*** Supplied material Section Begins ***

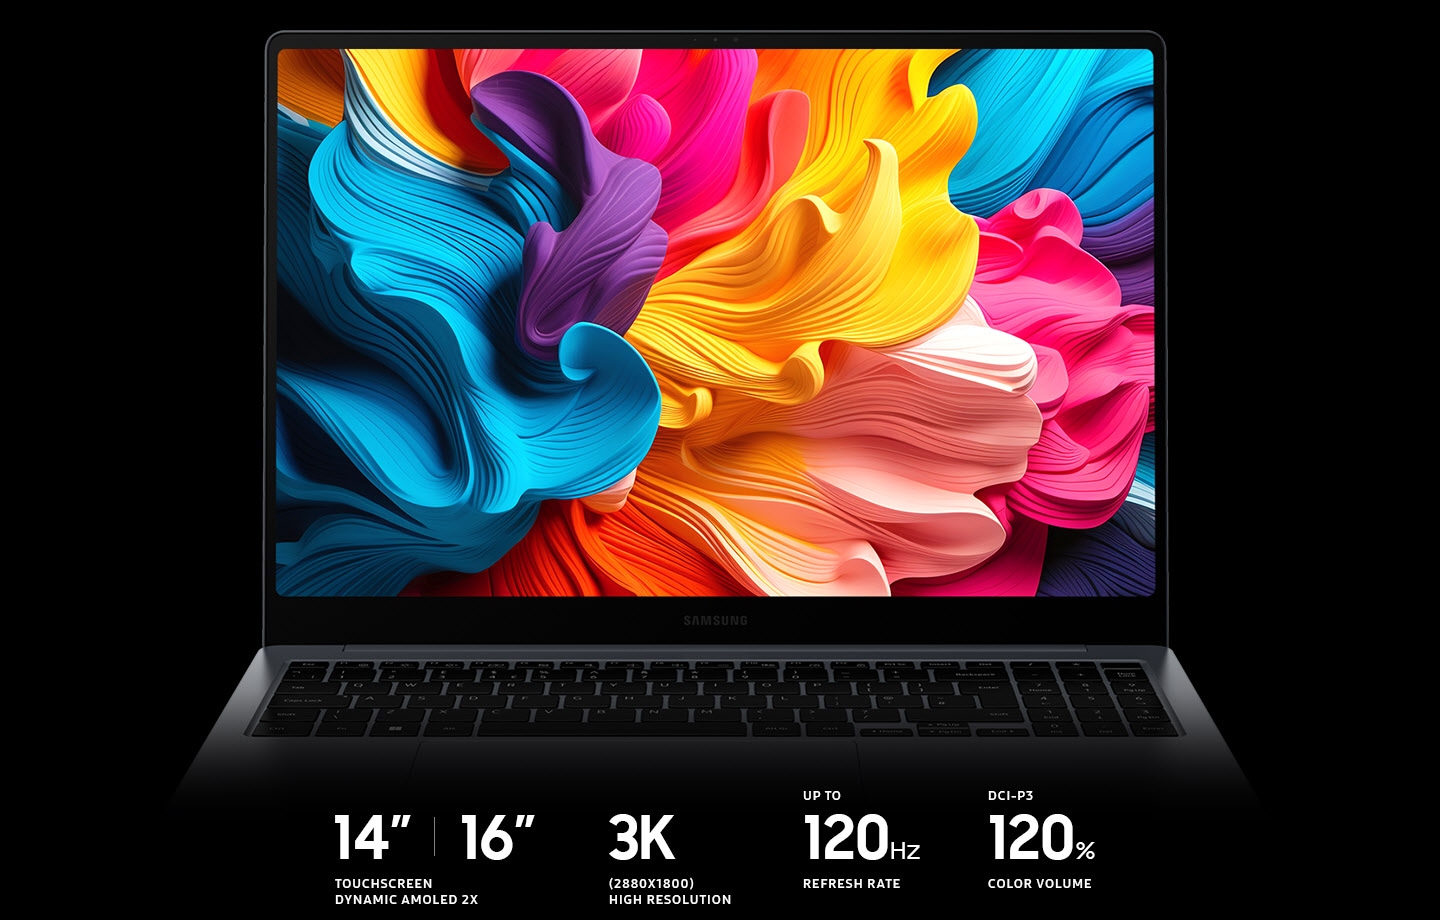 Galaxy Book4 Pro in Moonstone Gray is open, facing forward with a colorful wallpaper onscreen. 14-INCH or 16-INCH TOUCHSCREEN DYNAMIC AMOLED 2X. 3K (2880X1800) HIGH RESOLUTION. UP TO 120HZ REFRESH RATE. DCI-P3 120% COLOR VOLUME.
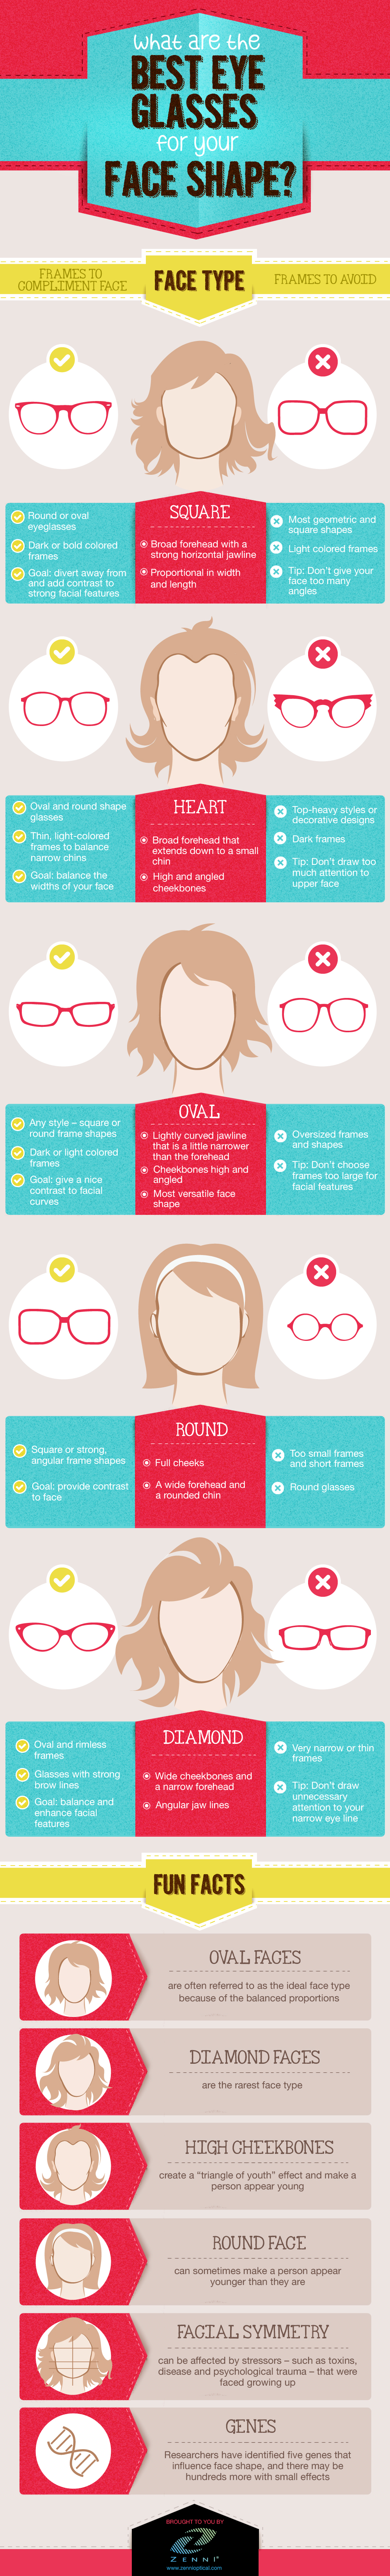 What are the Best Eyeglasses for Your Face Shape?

*** Supplied material Section Ends ***
*** Supplied material Section Begins ***

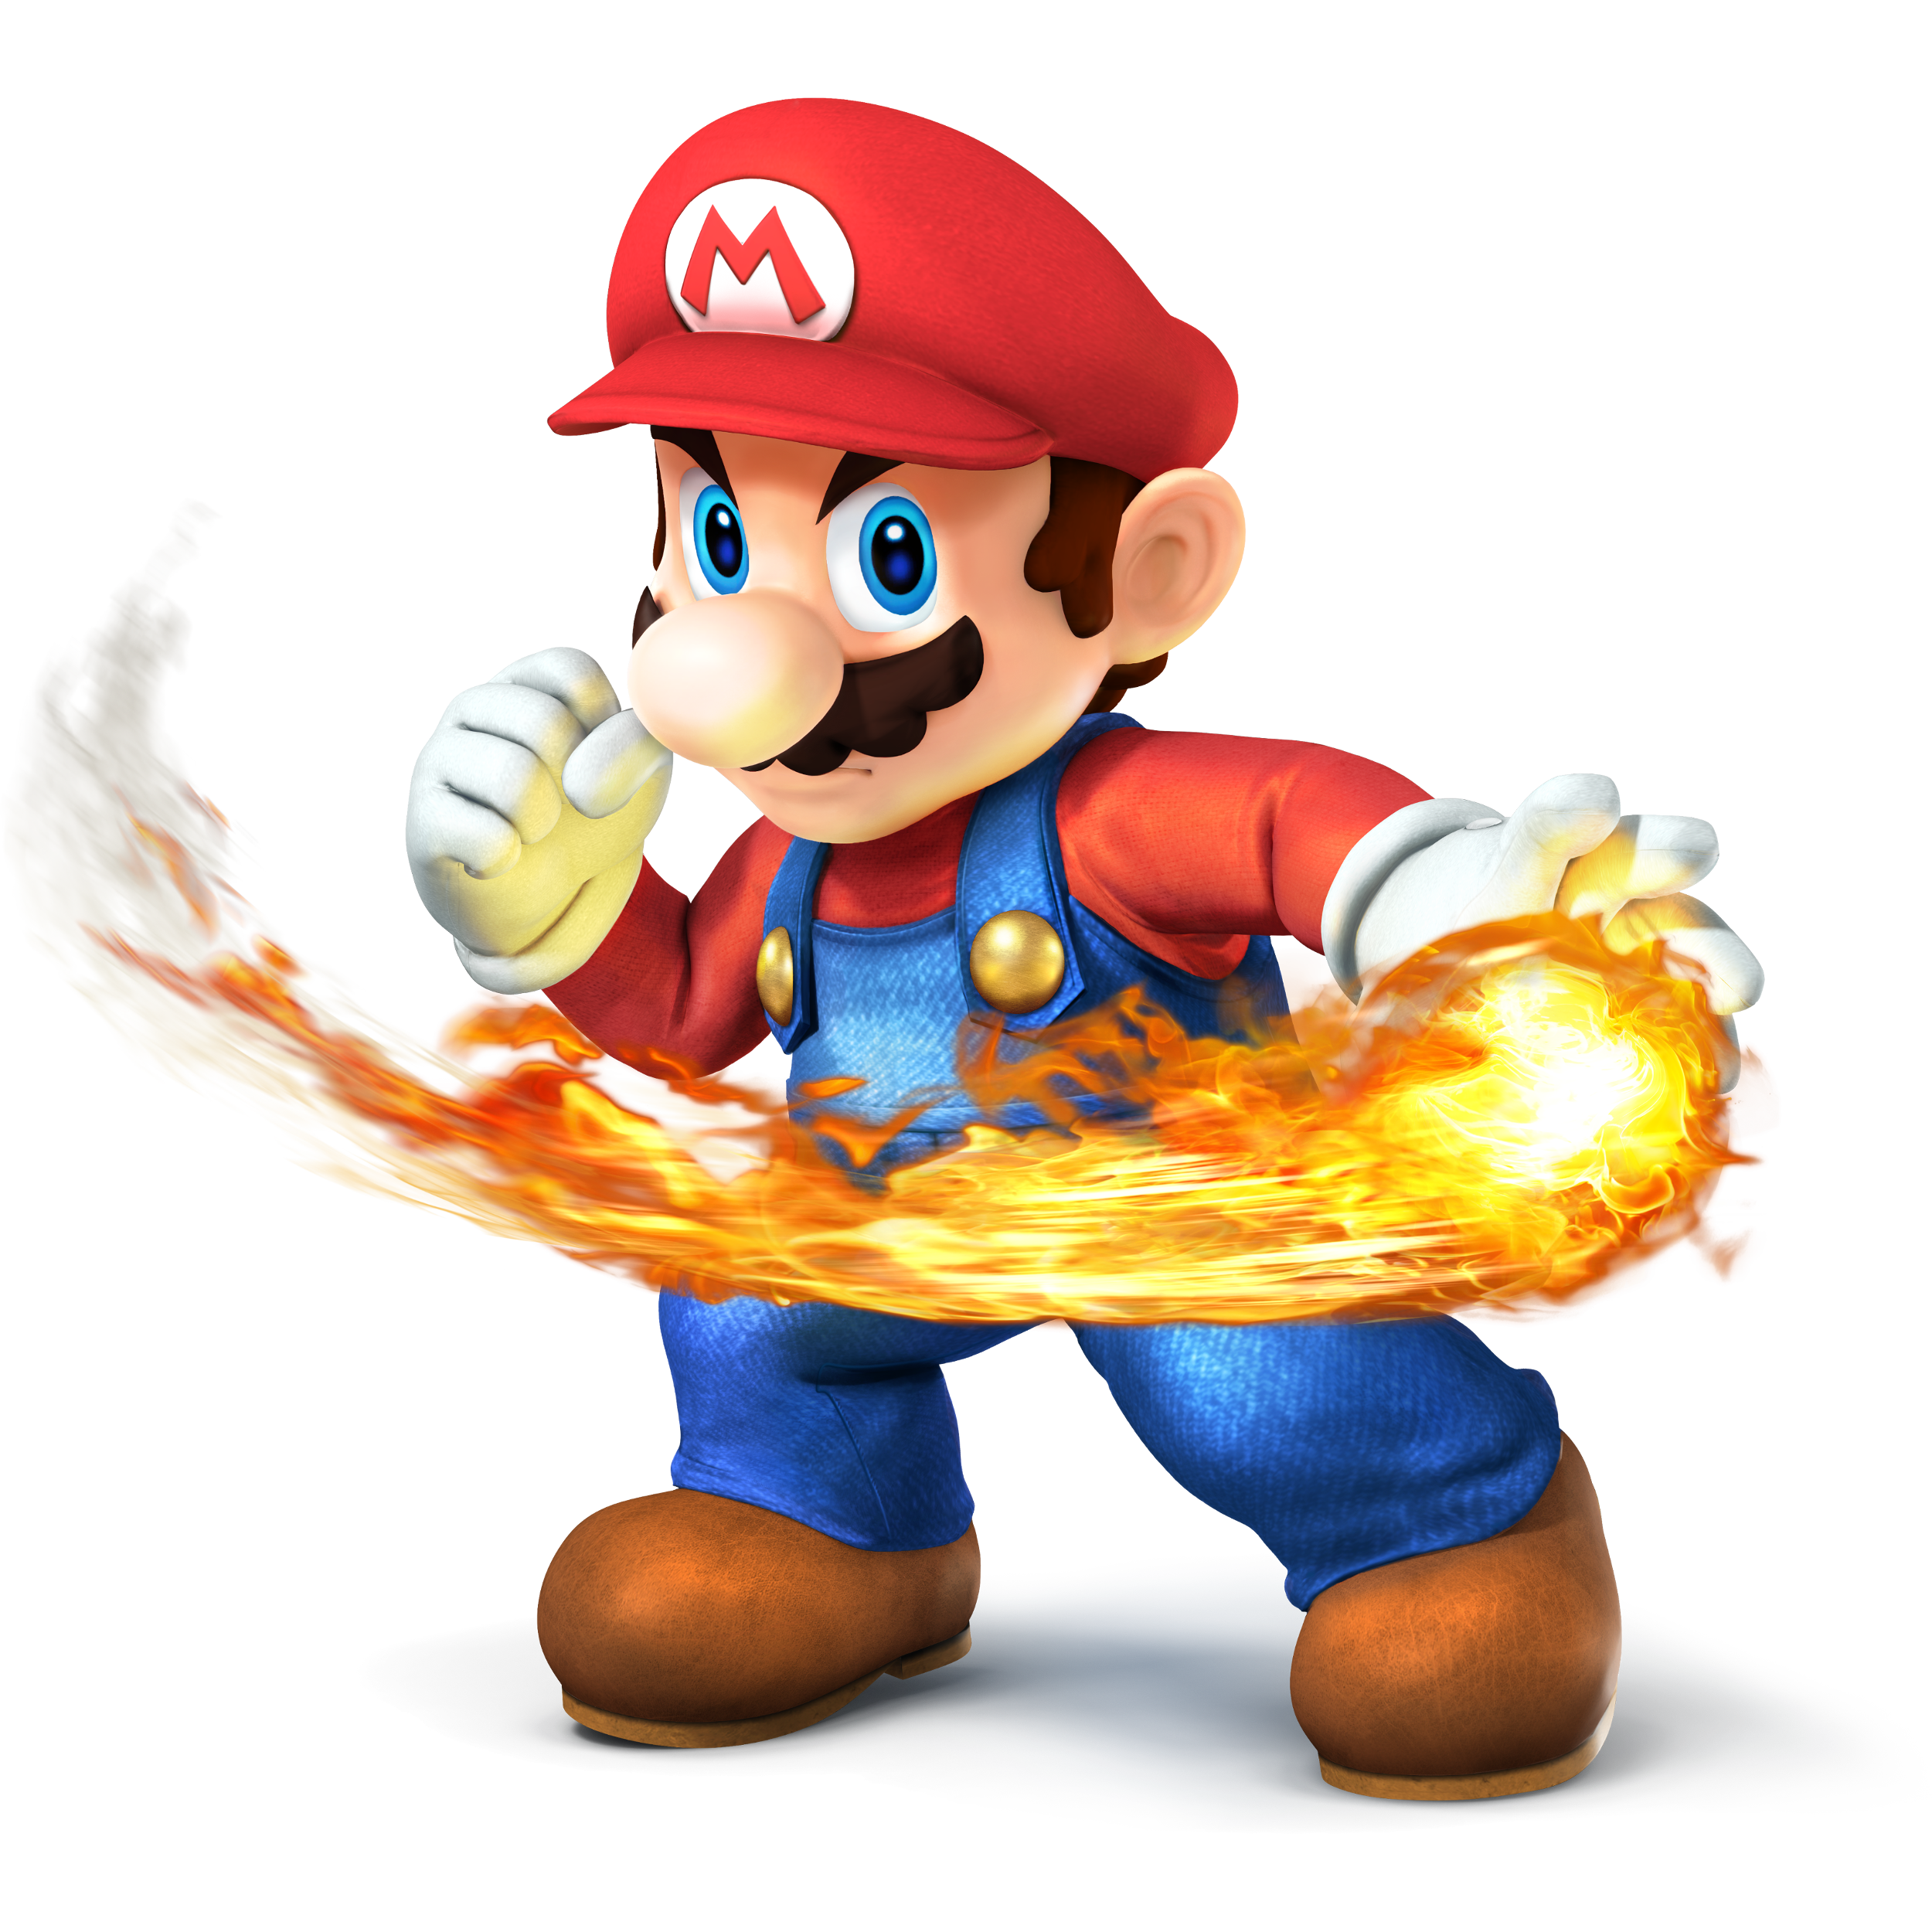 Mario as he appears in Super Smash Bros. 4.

*** Supplied material Section Ends ***

Pictures aside, print exactly the lines above starting with the one containing "Galaxy Book4 Pro" and going on through the one containing "What are the".

> [Worked solution]:
 Galaxy Book4 Pro in Moonstone Gray is open, facing forward with a colorful wallpaper onscreen. 14-INCH or 16-INCH TOUCHSCREEN DYNAMIC AMOLED 2X. 3K (2880X1800) HIGH RESOLUTION. UP TO 120HZ REFRESH RATE. DCI-P3 120% COLOR VOLUME.
 What are the Best Eyeglasses for Your Face Shape?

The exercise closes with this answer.